Edited 2007-03-15 02:00
Linux is not only about the desktop. How about linux cellphones? I have a friend who works for wind river and this is one area they are trying to optimize heavily. Specifically, if it takes too long to boot, people have a tendency to keep hitting the power on/off button
You could just use runit, freedt or daemontools, which, in addition to parallel startup, provides better process monitoring and control.
Boot time mainly depends on the distro you’re using.
Not trying to show off, but my LFS system boots in 11-12 seconds from grub to text login. This includes loading vsftpd, cups, a svn server, ssh and some other small things.
I gained a speed improvement by switching from the linux-init scripts to BSD style scripts. It is a little bit harder to start/stop/restart BSD started services, but the text files are (in my opinion) easier to read and start faster.
Another thing is the enormous amount of services started by other distros. I always wonder why some distros feel the need to start a time server or whatever. This fills up memory and reduces startup speed.
Finally compiling apps yourself and optimizing for your architecture (in my case an old athlon XP) instead of the popular i386 greatly improves speed.
So don’t blame the entire GNU/linux for the long bootup time!
Anybody time Windows XP – NOT to the desktop, which is quick – but to a fully functioning system.
The XP desktop comes up fast – then you spend another thirty seconds or more waiting for the services and the apps in the tray to load – especially the antivirus, the antispyware, the firewall, the anti-trojan, etc., ad nauseum.

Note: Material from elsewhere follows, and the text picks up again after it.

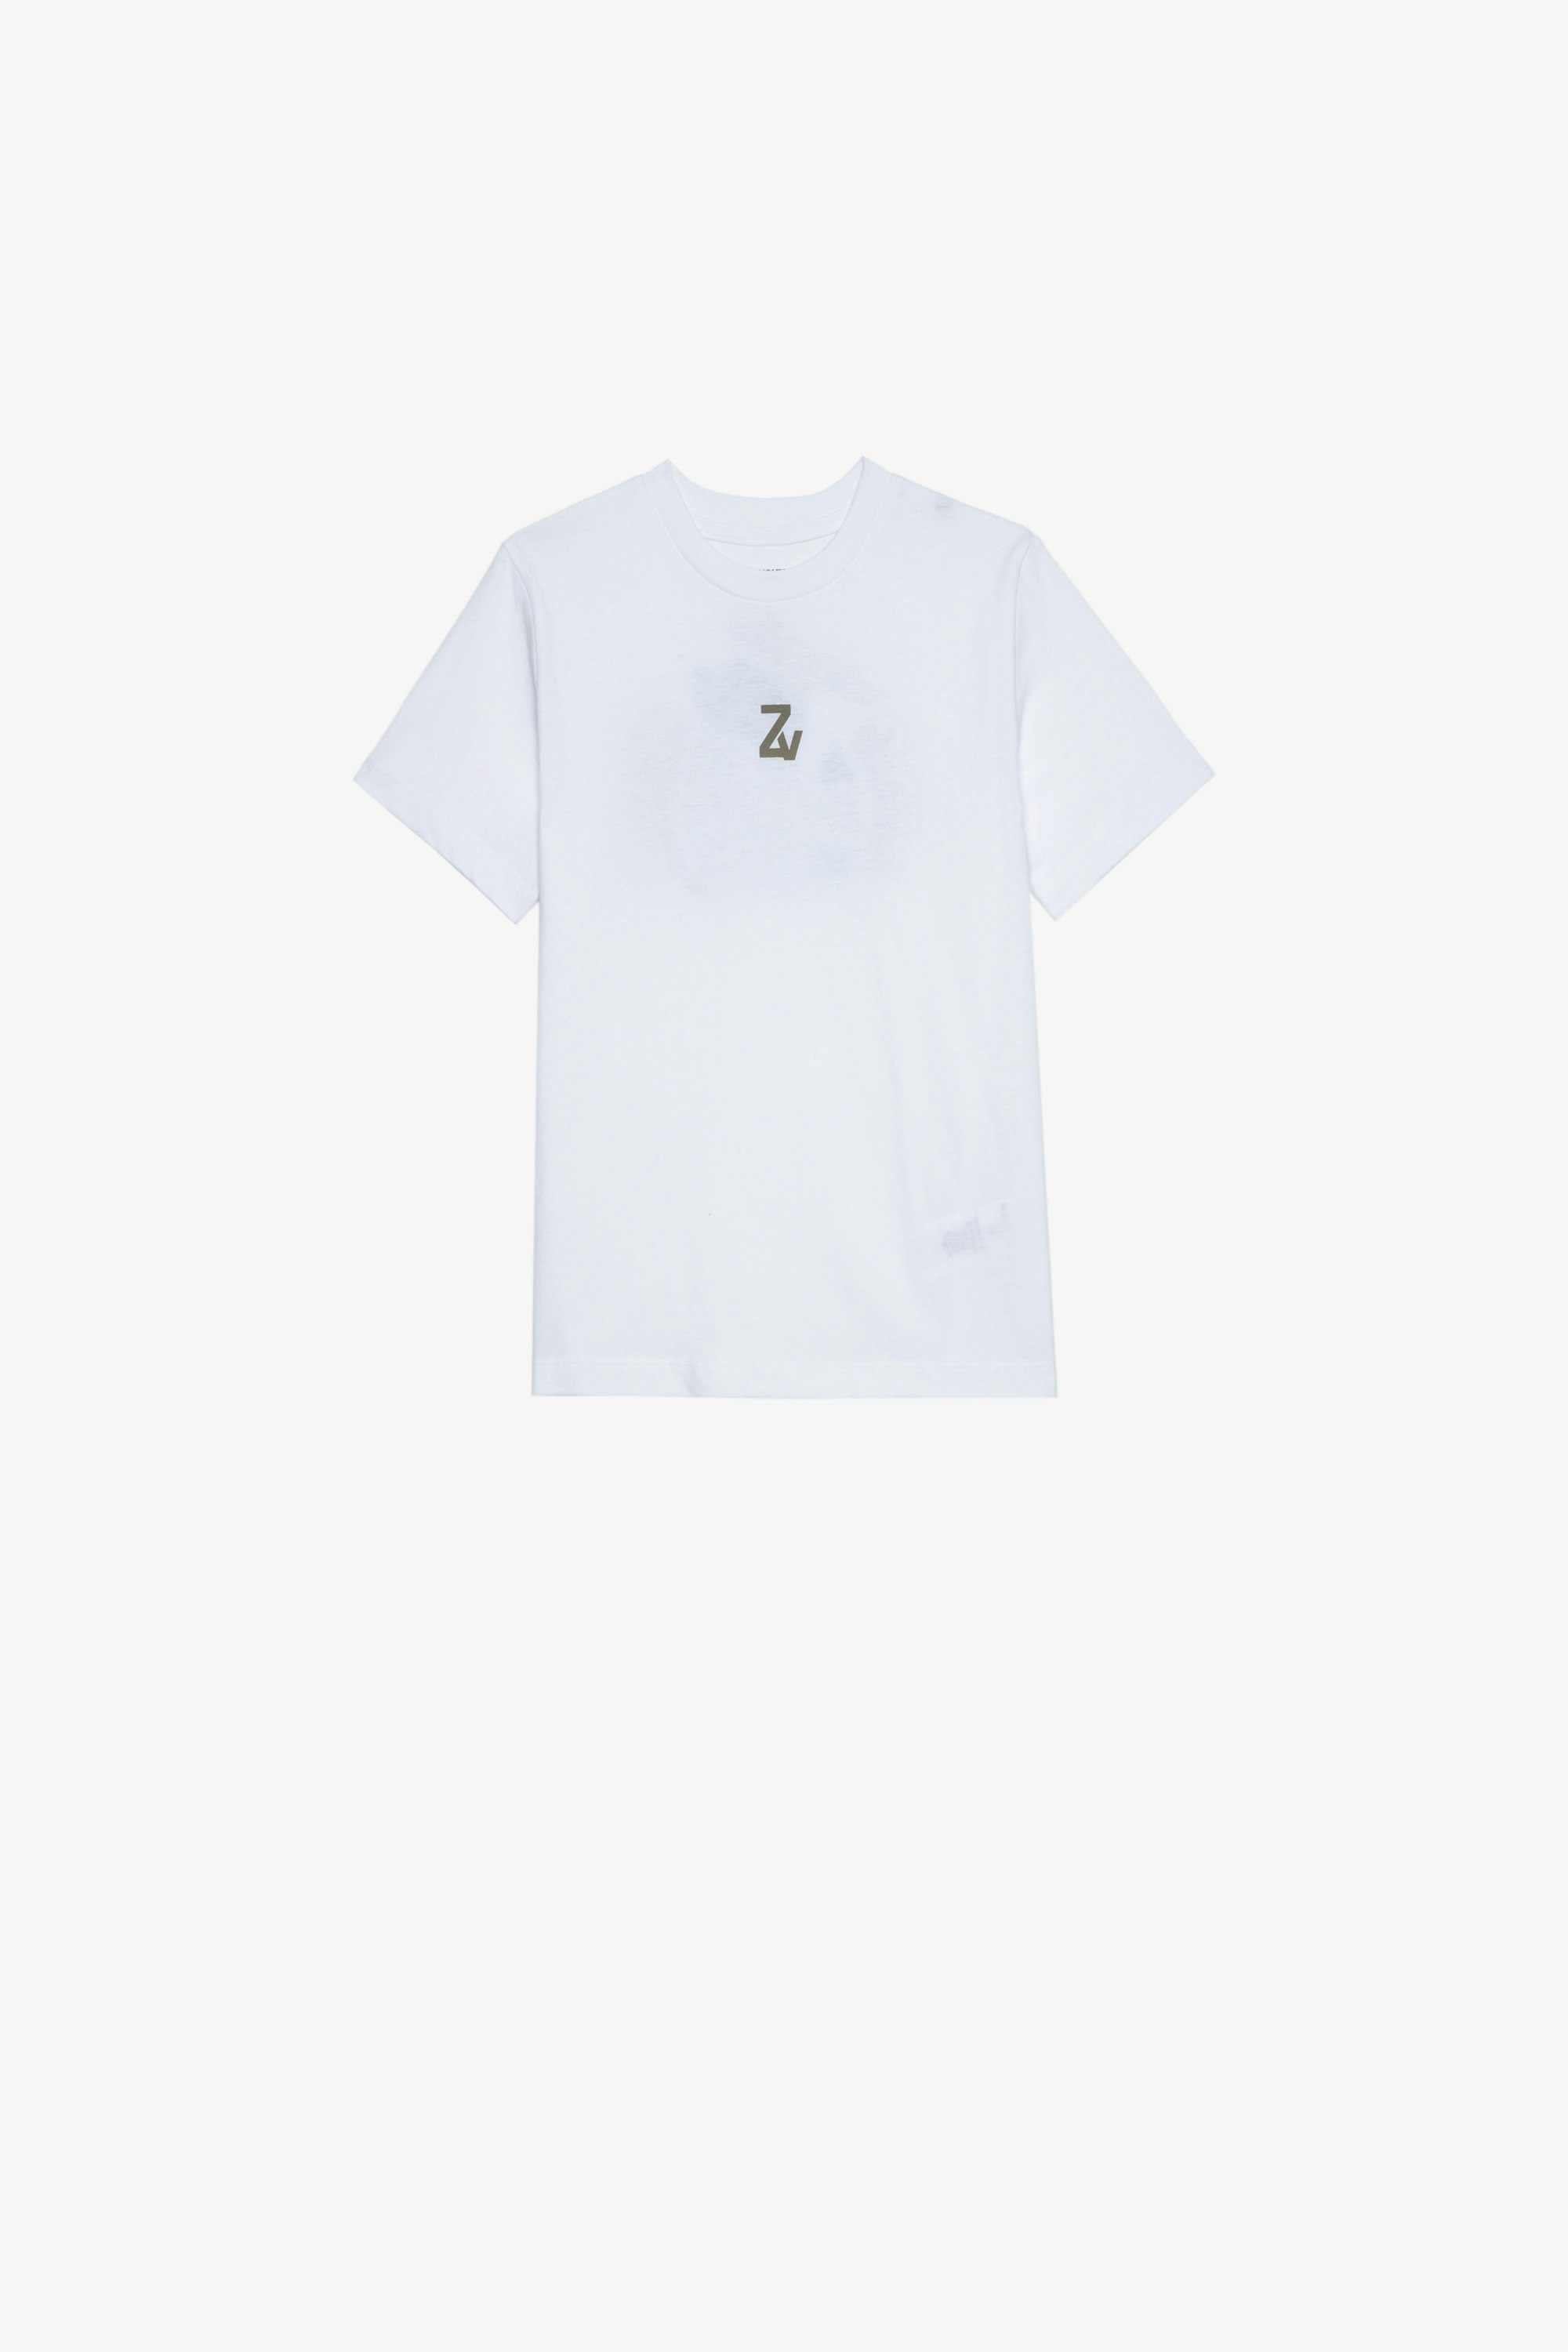 Camiseta Kita Infantil Camiseta blanca de algodón de manga corta infantil con estampados en la parte delantera y trasera

And while that’s going on, the desktop really is not usable as you try to click on things with a busy cursor that doesn’t respond well because the system is still busy.
My Kubuntu boots fairly quickly as it is. And I have a ton of wallpapers that it needs to load the directories for which is the only thing that slows it down.
Of course, I don’t use four virtual desktops loaded with apps which is the same as using a ton of apps in the Windows system tray.
This improves a lot of you run a clean system (keep Norton, McAfee, Real, Quicktime, HP, and others off your systray). Also, Vista does a better job here than XP.